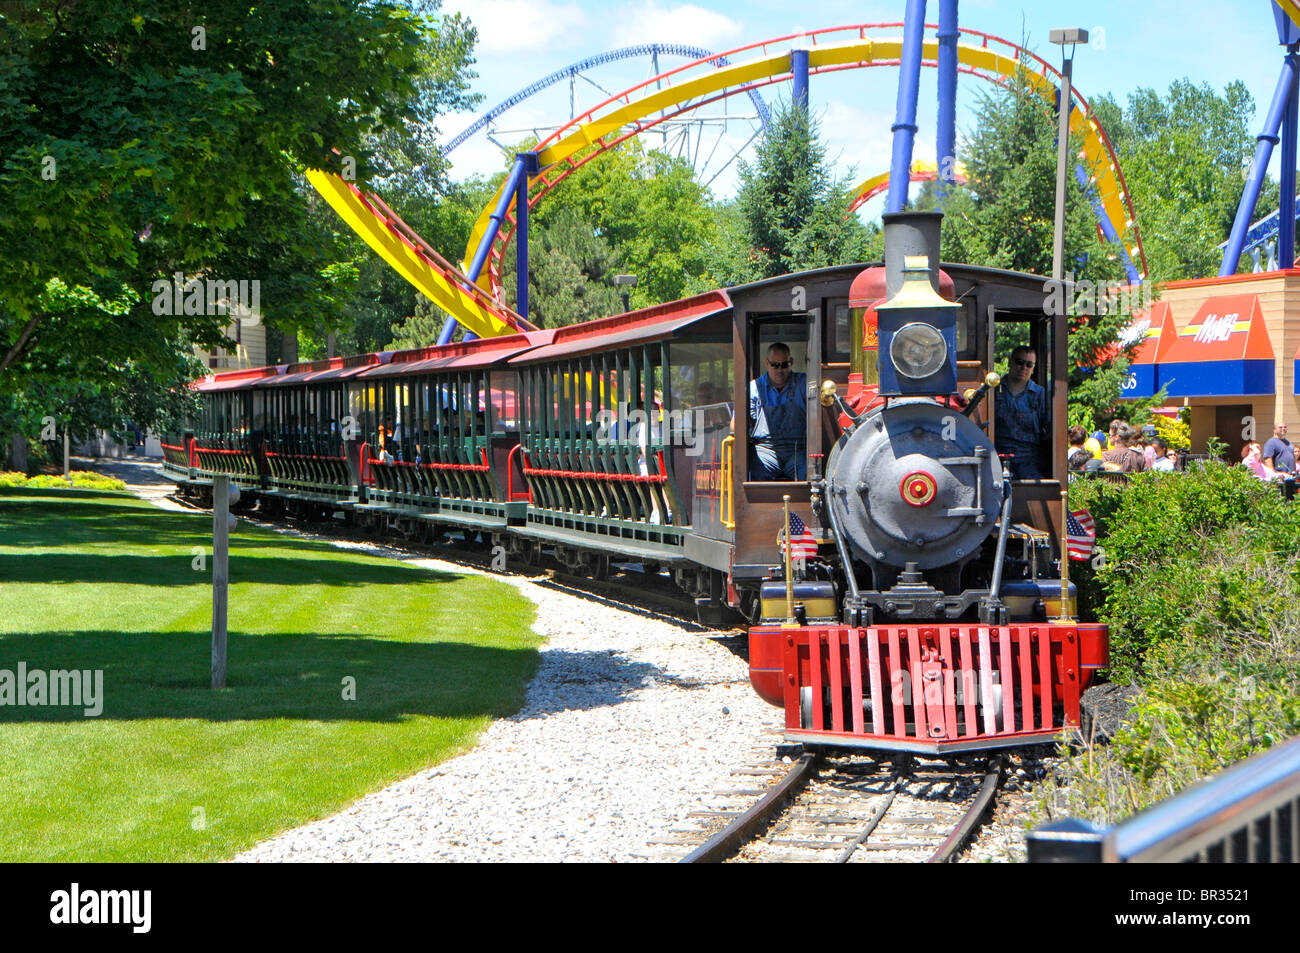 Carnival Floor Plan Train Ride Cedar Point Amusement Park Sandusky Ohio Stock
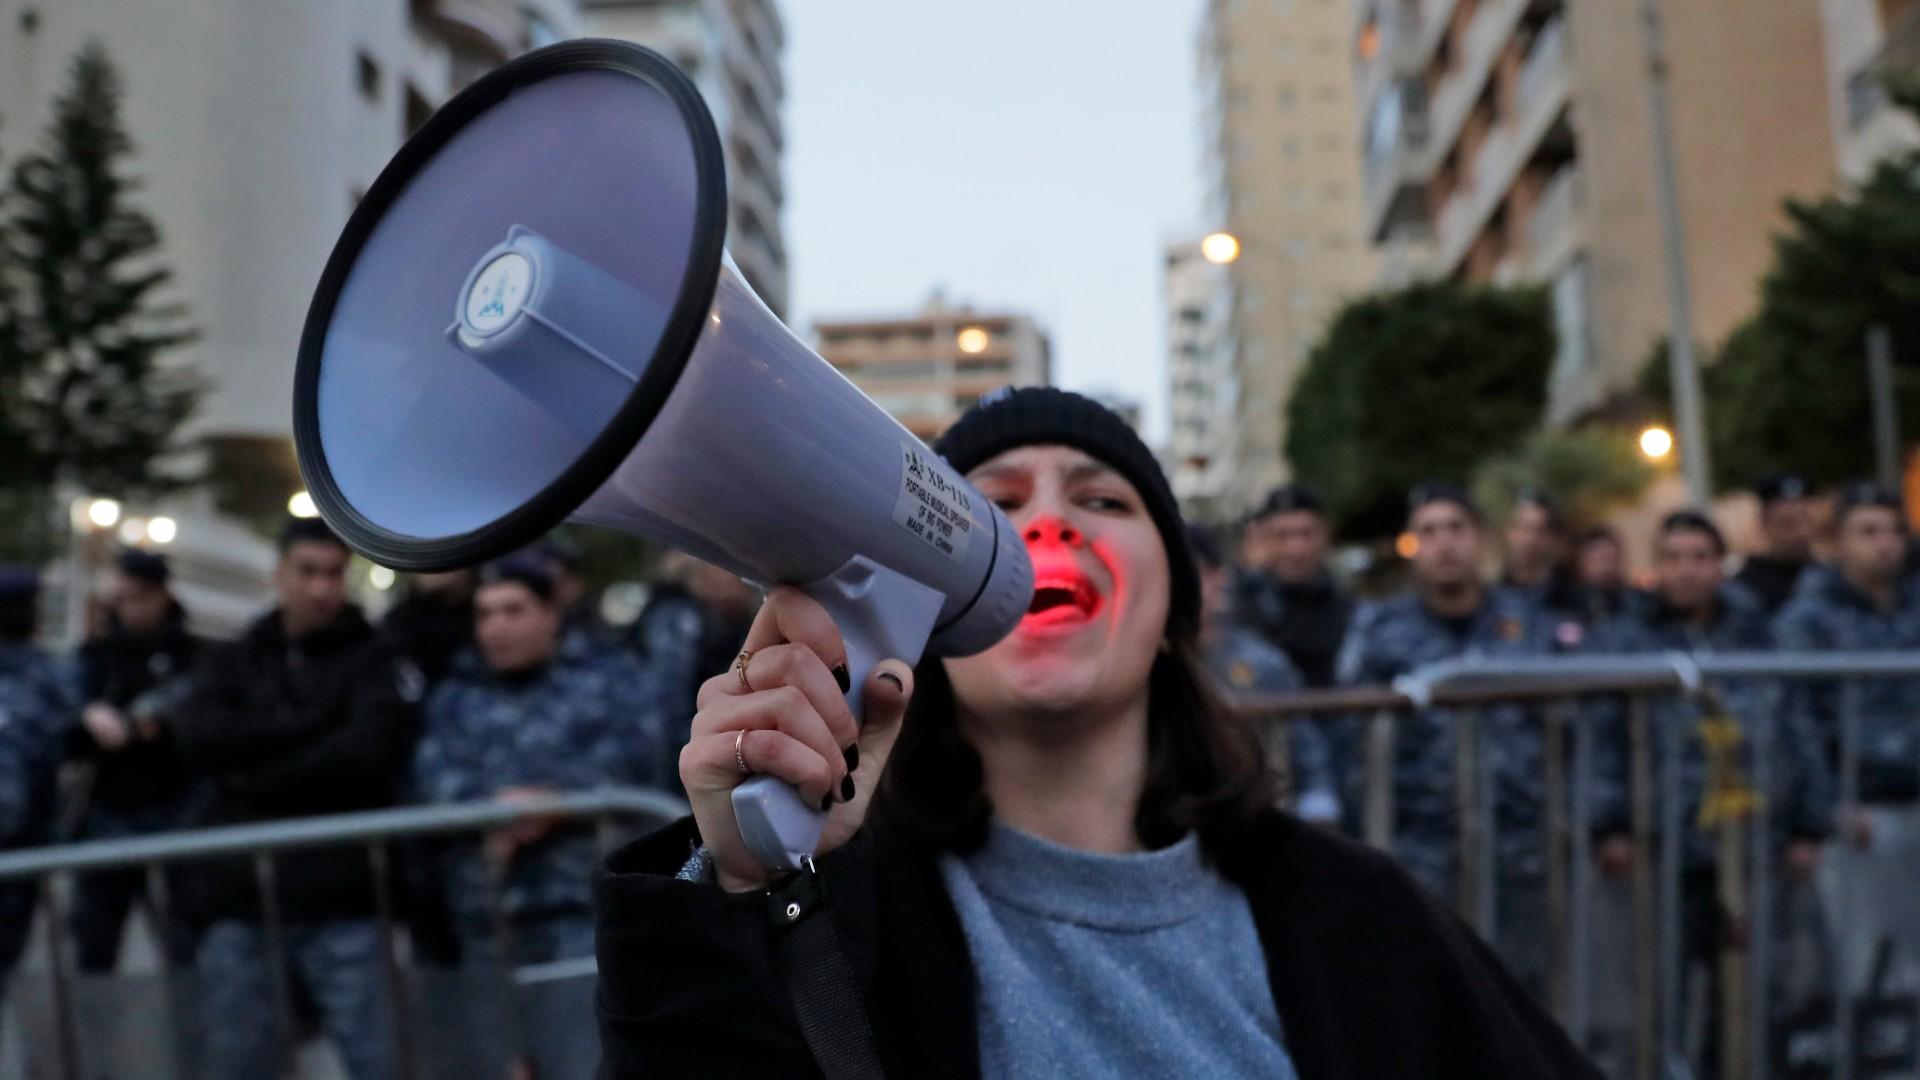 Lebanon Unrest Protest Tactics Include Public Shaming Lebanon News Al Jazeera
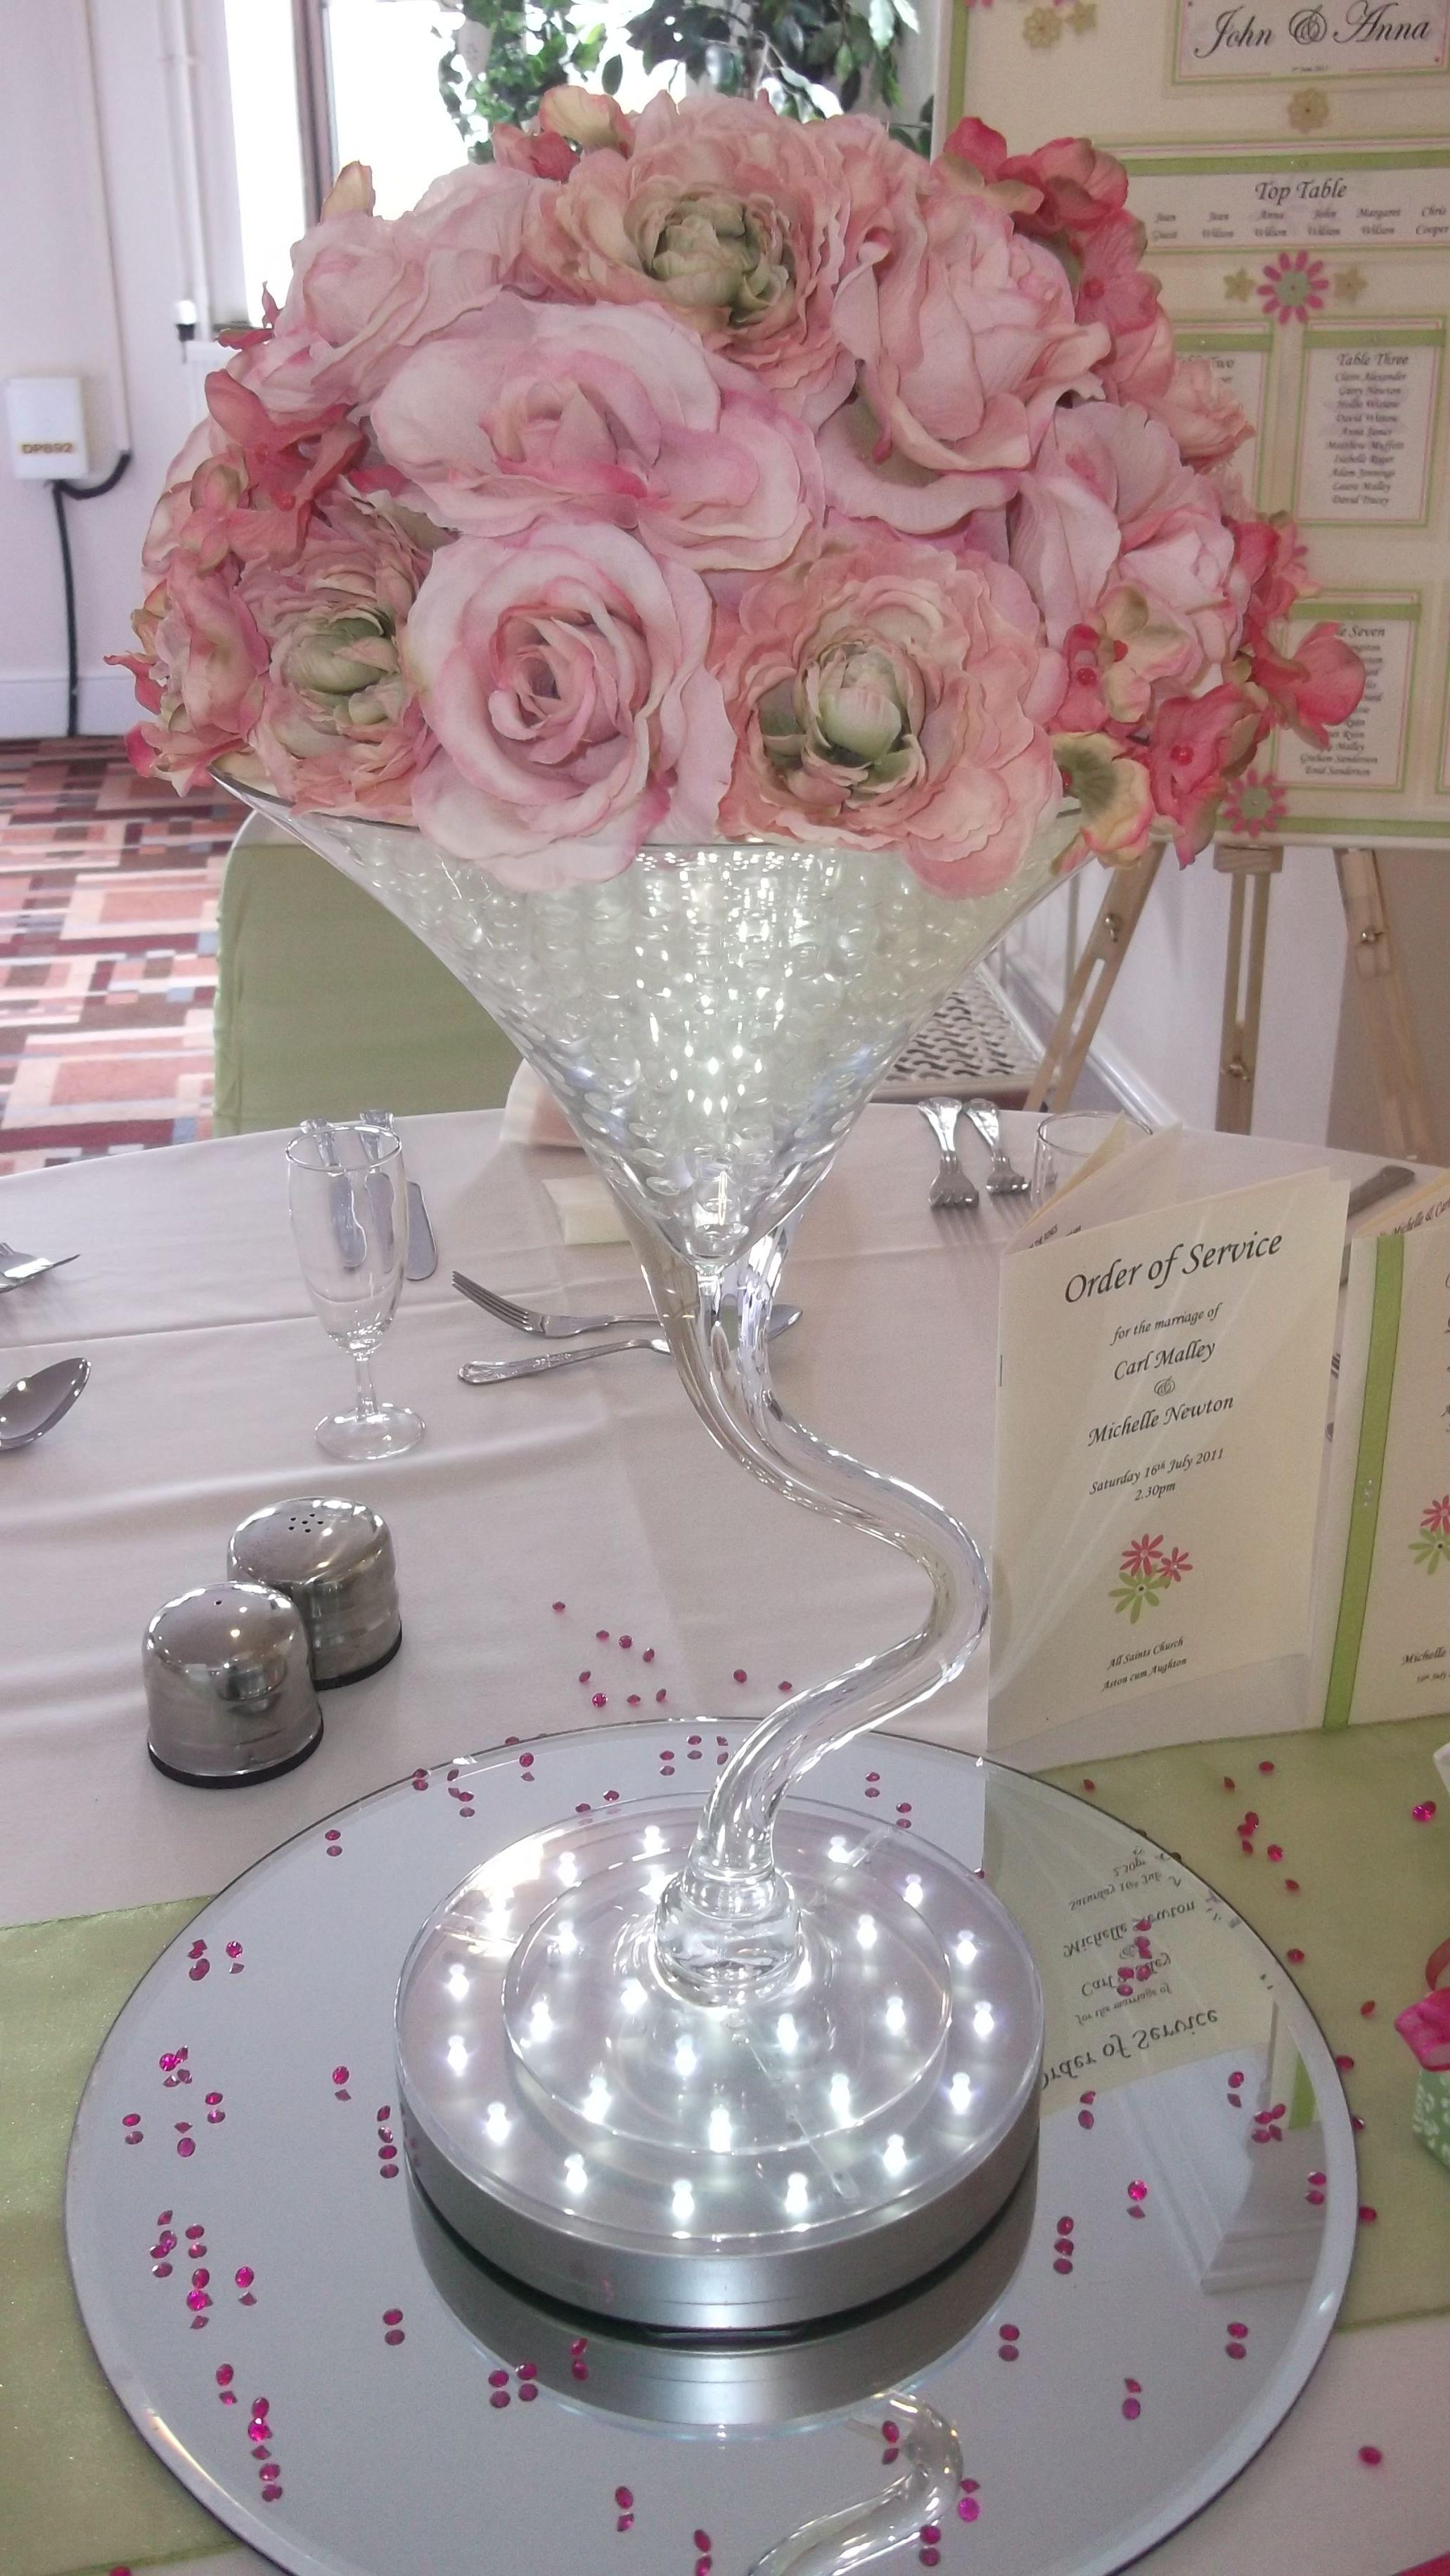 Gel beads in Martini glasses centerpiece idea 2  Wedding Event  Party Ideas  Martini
--------
Would you please retype the material above exactly and leave out each picture?

▶ [ANSWER SECTION]:
 Carnival Floor Plan Train Ride Cedar Point Amusement Park Sandusky Ohio Stock
 Lebanon Unrest Protest Tactics Include Public Shaming Lebanon News Al Jazeera
 Gel beads in Martini glasses centerpiece idea 2  Wedding Event  Party Ideas  Martini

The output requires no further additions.